Fantastic Voyage was it for me.My mom took me to a matinee in downtown(no blacks)Grand Rapids

--GRA

David In TN said...

GRA,

Not sure if it was the first but I remember us going to see Song of the South (1946), which is now banned, in the Spring of 1957, age six. It was on a Sunday afternoon in Columbia, Tennessee at the Polk Theater.

There was a large number of blacks attending. I remember them paying and going in a separate entrance. They sat in the balcony while we White people sat in the theater seats.

James Baskett's character, Uncle Remus, was the most sensible adult in the film. The story took place post-Civil War Civil War and after slavery. Baskett was a worker on the plantation and was free to leave any time he wanted to.

I was frightened when the bull chased down and gored Bobby Driscoll.

We went to the same theater around that time to see another Walt Disney film, Davy Crockett King of the Wild Frontier starring Fess Parker.

These two I have a vivid memory of seeing at the Polk Theater in Columbia.

Anonymous said...

THE 3 STOOGES IN ORBIT, 1962, at the RKO Coliseum. They made an appearance live on stage (it was at night; both parents took me) and I have only a vague memory of seeing them (I was 5 years old!). They only spoke as far as I recall; no slapping or eye-poking. That theatre was there quite a long time:
https://www.uptowncollective.com/2020/12/11/op-led-the-end-of-an-era
-RM

Anonymous said...

Thanks,guys.I never would have guessed either movie.It's possible I went to a drive-in with my parents and cousin to see "Pinocchio" earlier than the trip to the movie theater.There were many drive-ins back in the mid 60s.

Of course,that's when the customers were all White.Now,if there were drive-ins,the blacks would have shootouts at every showing.


--GRA

Anonymous said...

Maybe you will enjoy this: photos of movie theatres showing horror-sf movies from the 30s through the 70s:
http://www.universalmonsterarmy.com/forum/index.php?topic=19842.0
-RM

David In TN said...

TCM's Film Noir of the Week Saturday Night-Sunday Morning at 12:30 and 10 a.m. ET is Richard Quine's Pushover (1954) with Fred MacMurray, Kim Novak, Phil Carey, Dorothy Malone, E.G. Marshall, Paul Richards.

Film Noir Guide: "MacMurray plays a good cop gone bad over a gorgeous dame and a case full of money. As part of an undercover operation to catch Novak's bank robber boyfriend (Richards), MacMurray romances her while he and partner Carey spy on her with binoculars and tape her phone conversations, hoping that Richards will show up with the 250 Gs from a recent bank heist. Although Novak discovers his deception, she realizes that she loves him anyway and tempts him with a plan to kill Richards and run off with the dough."

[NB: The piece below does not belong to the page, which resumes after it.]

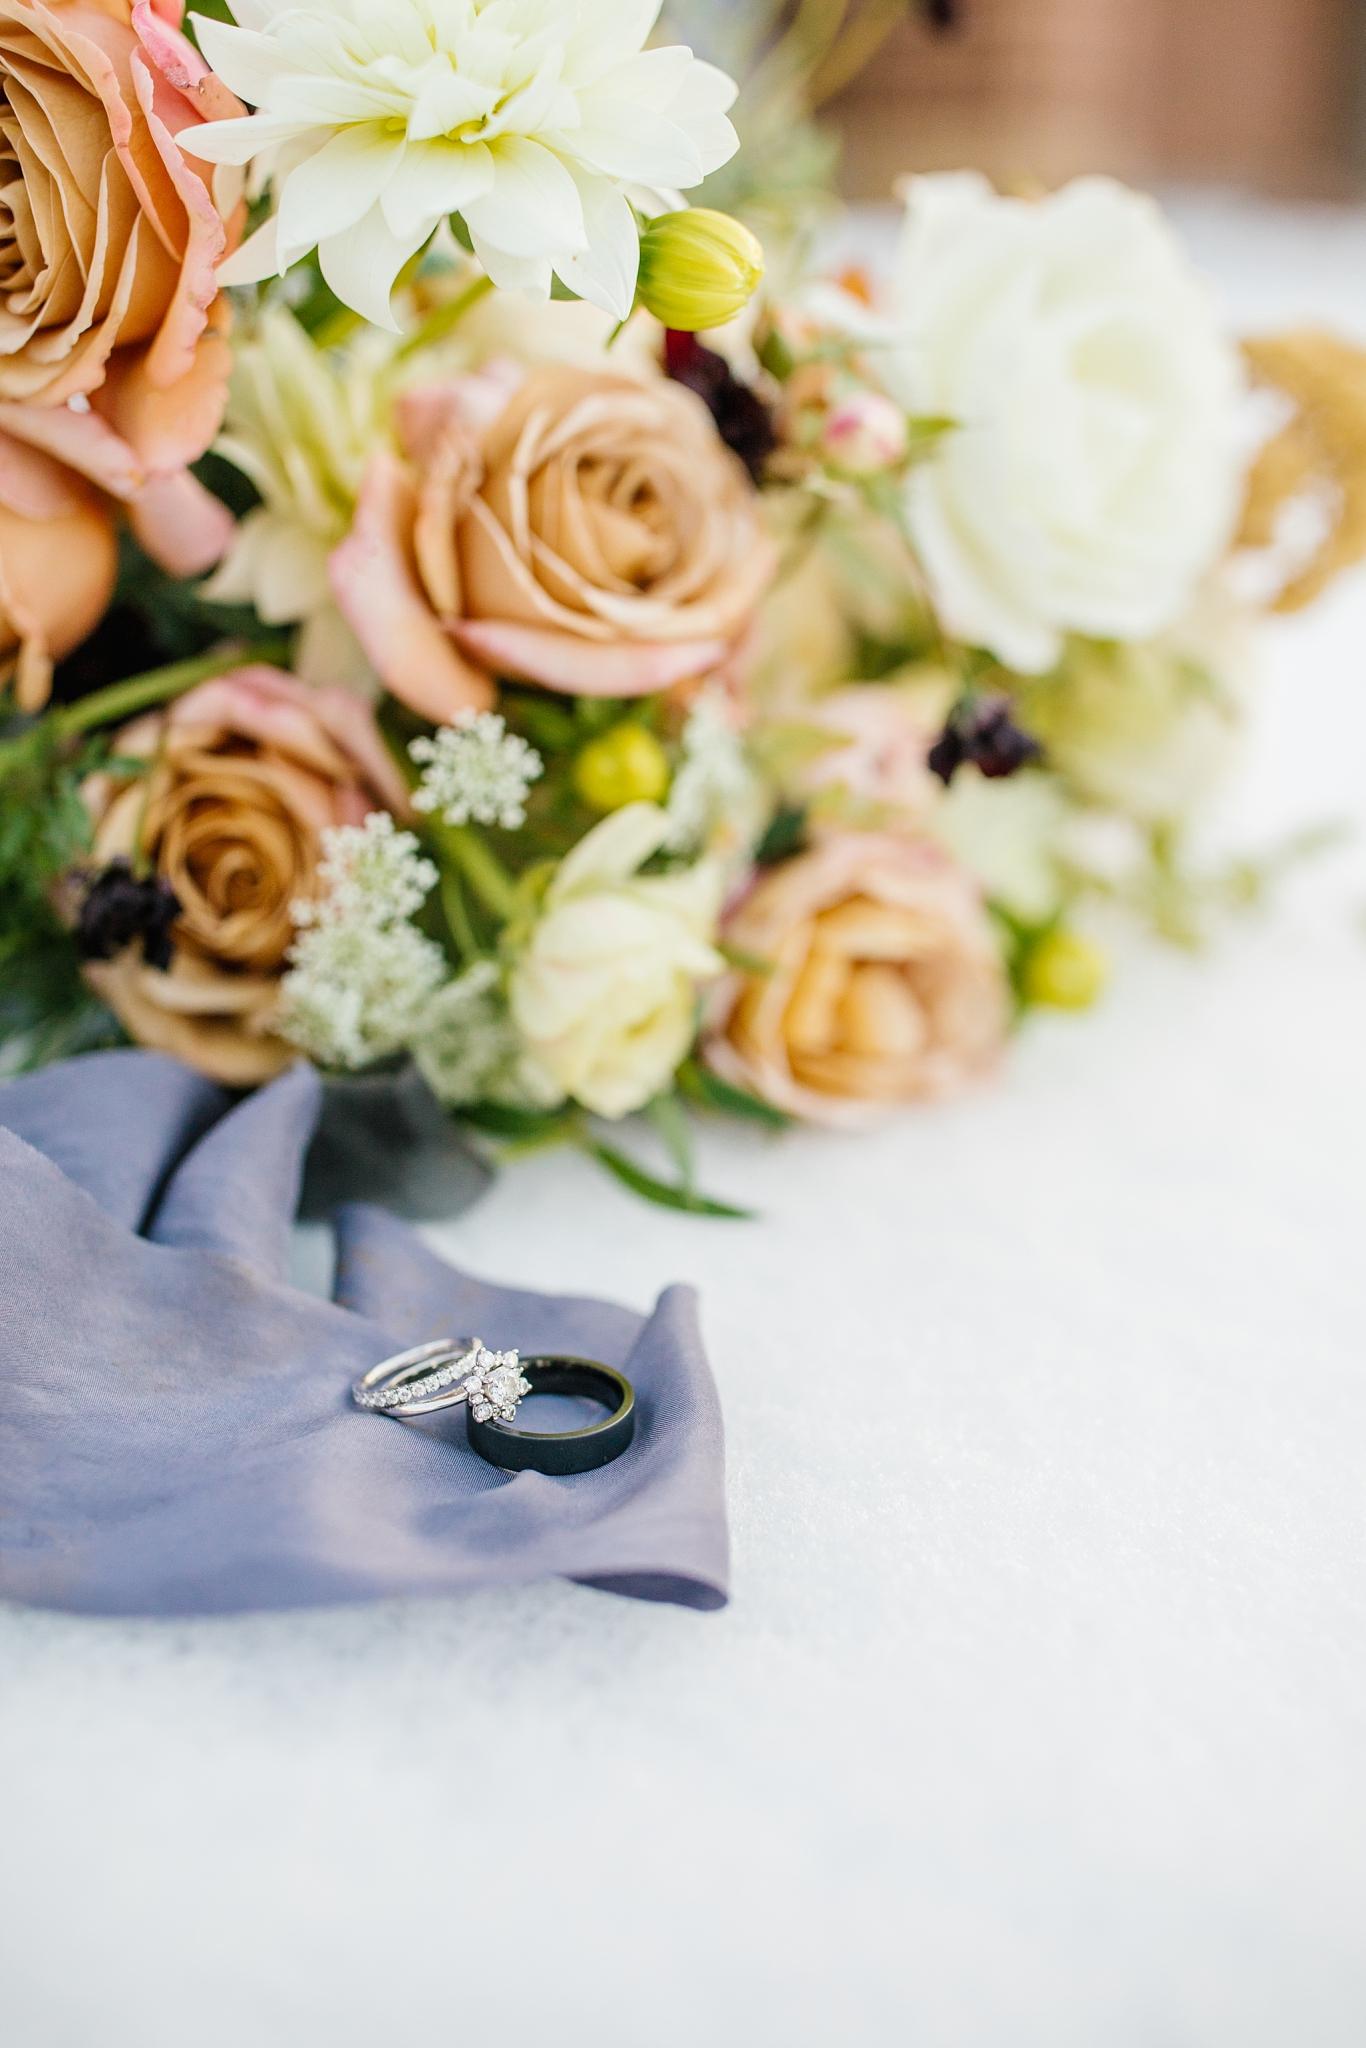 CN-Wedding-315_Lizzie-B-Imagery-Utah-Wedding-Photographer-Blessed-Sacrament-Catholic-Church-Sandy-Utah-The-Blended-Table-Salt-Lake-City.jpg

"At first, he's repulsed, but later agrees to her plan, which, of course, immediately goes awry. Watching MacMurray's world crumble around him might arouse some viewer sympathy and a secret hope that he'll get away with it, but this has happened to too many film noir characters too many times to expect a different outcome now (to MacMurray himself in Double Indemnity and to Charles McGraw in Roadblock, among others)."

"Malone plays Novak's next-door neighbor, a nurse whom the lecherous Carey has been admiring from afar with his binoculars. Marshall, who went on to star in the highly successful 1960s TV series The Defenders, has a small role as MacMurray's boss."

"This is a fast-moving, nicely acted film, a worthy addition to the bad cop theme so prevalent in film noir."

David In TN: This is another one that's been on Noir Alley before. A good example of the "sap falls for the wrong woman leading to his destruction" trope.